Problem to solve. For the entries that follow, retype exactly the lines from the one containing "M Sonic Toothbrush by DR MARASHI" to the one containing "Alternate Image 2", inclusive, and only those. Images stay out of the copy.

Data to process.

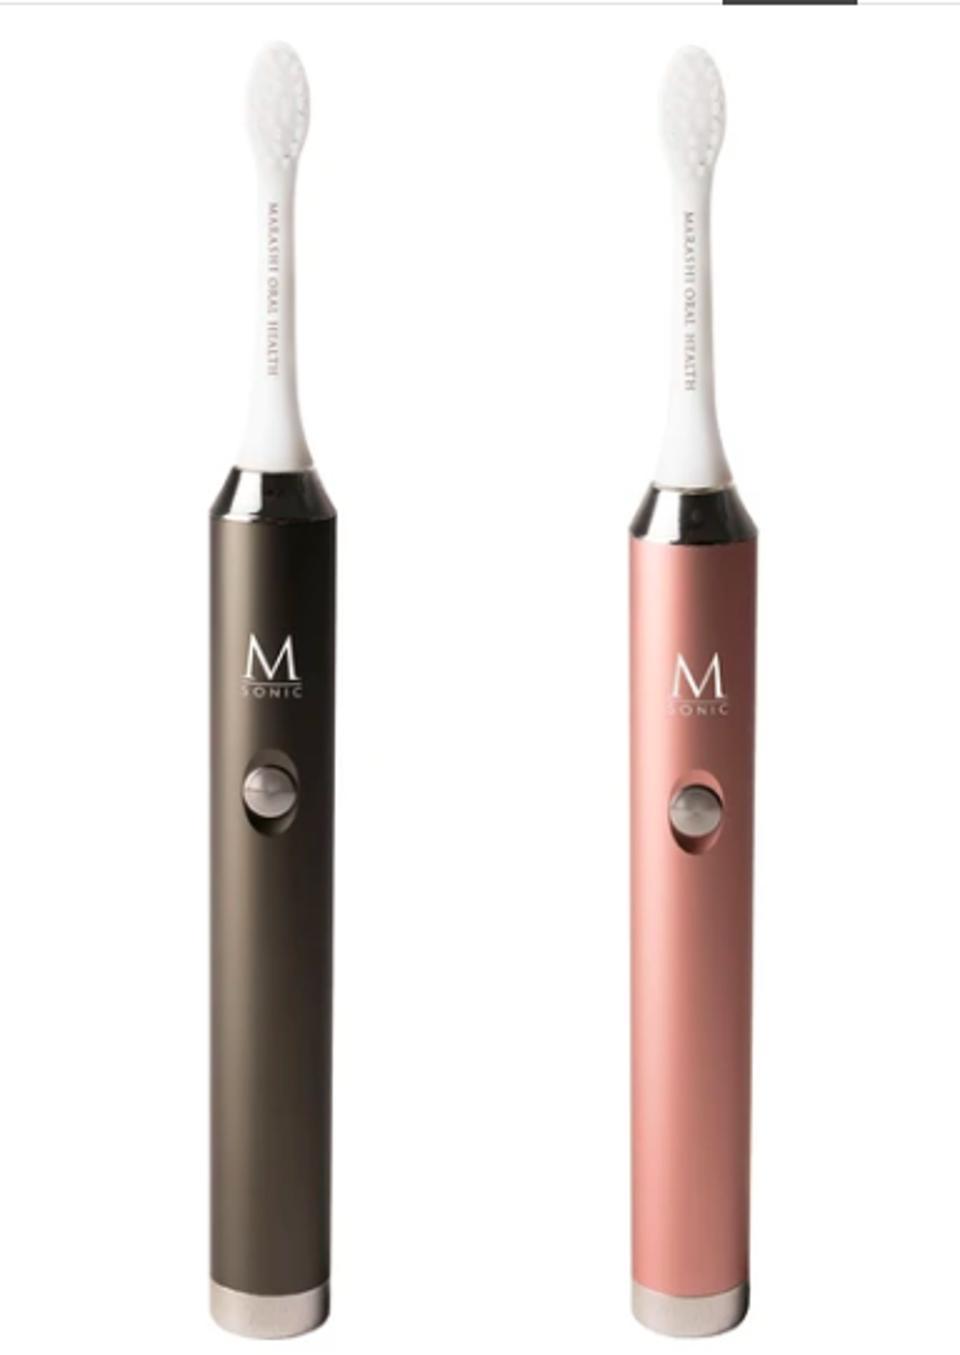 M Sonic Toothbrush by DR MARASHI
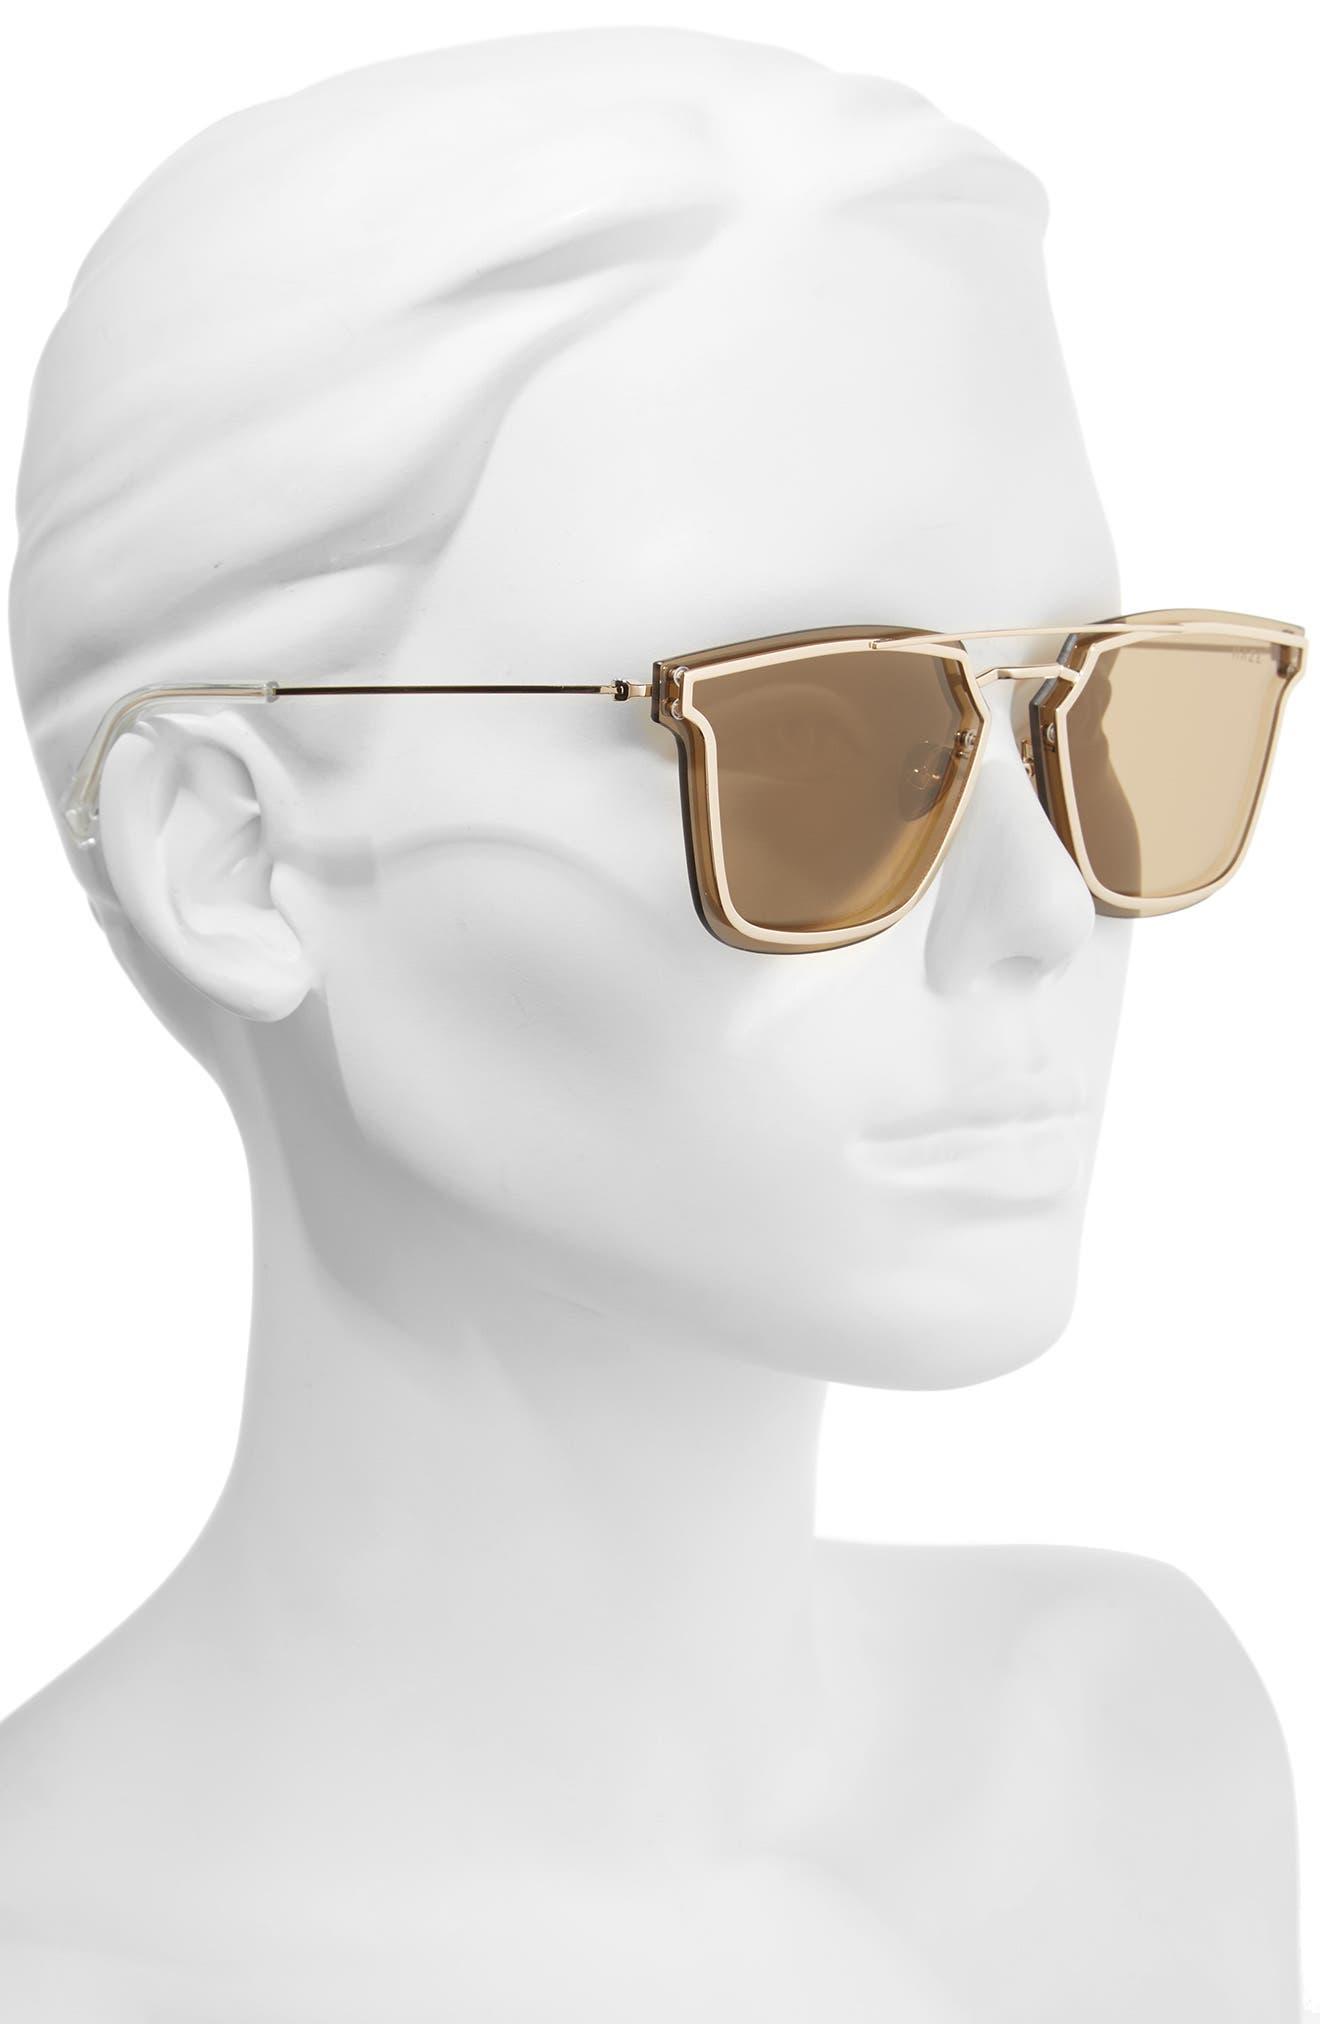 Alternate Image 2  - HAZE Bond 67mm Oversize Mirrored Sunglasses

* * *

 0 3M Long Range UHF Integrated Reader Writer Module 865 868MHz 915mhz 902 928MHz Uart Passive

Answer to the exercise.
 M Sonic Toothbrush by DR MARASHI
 Alternate Image 2  - HAZE Bond 67mm Oversize Mirrored Sunglasses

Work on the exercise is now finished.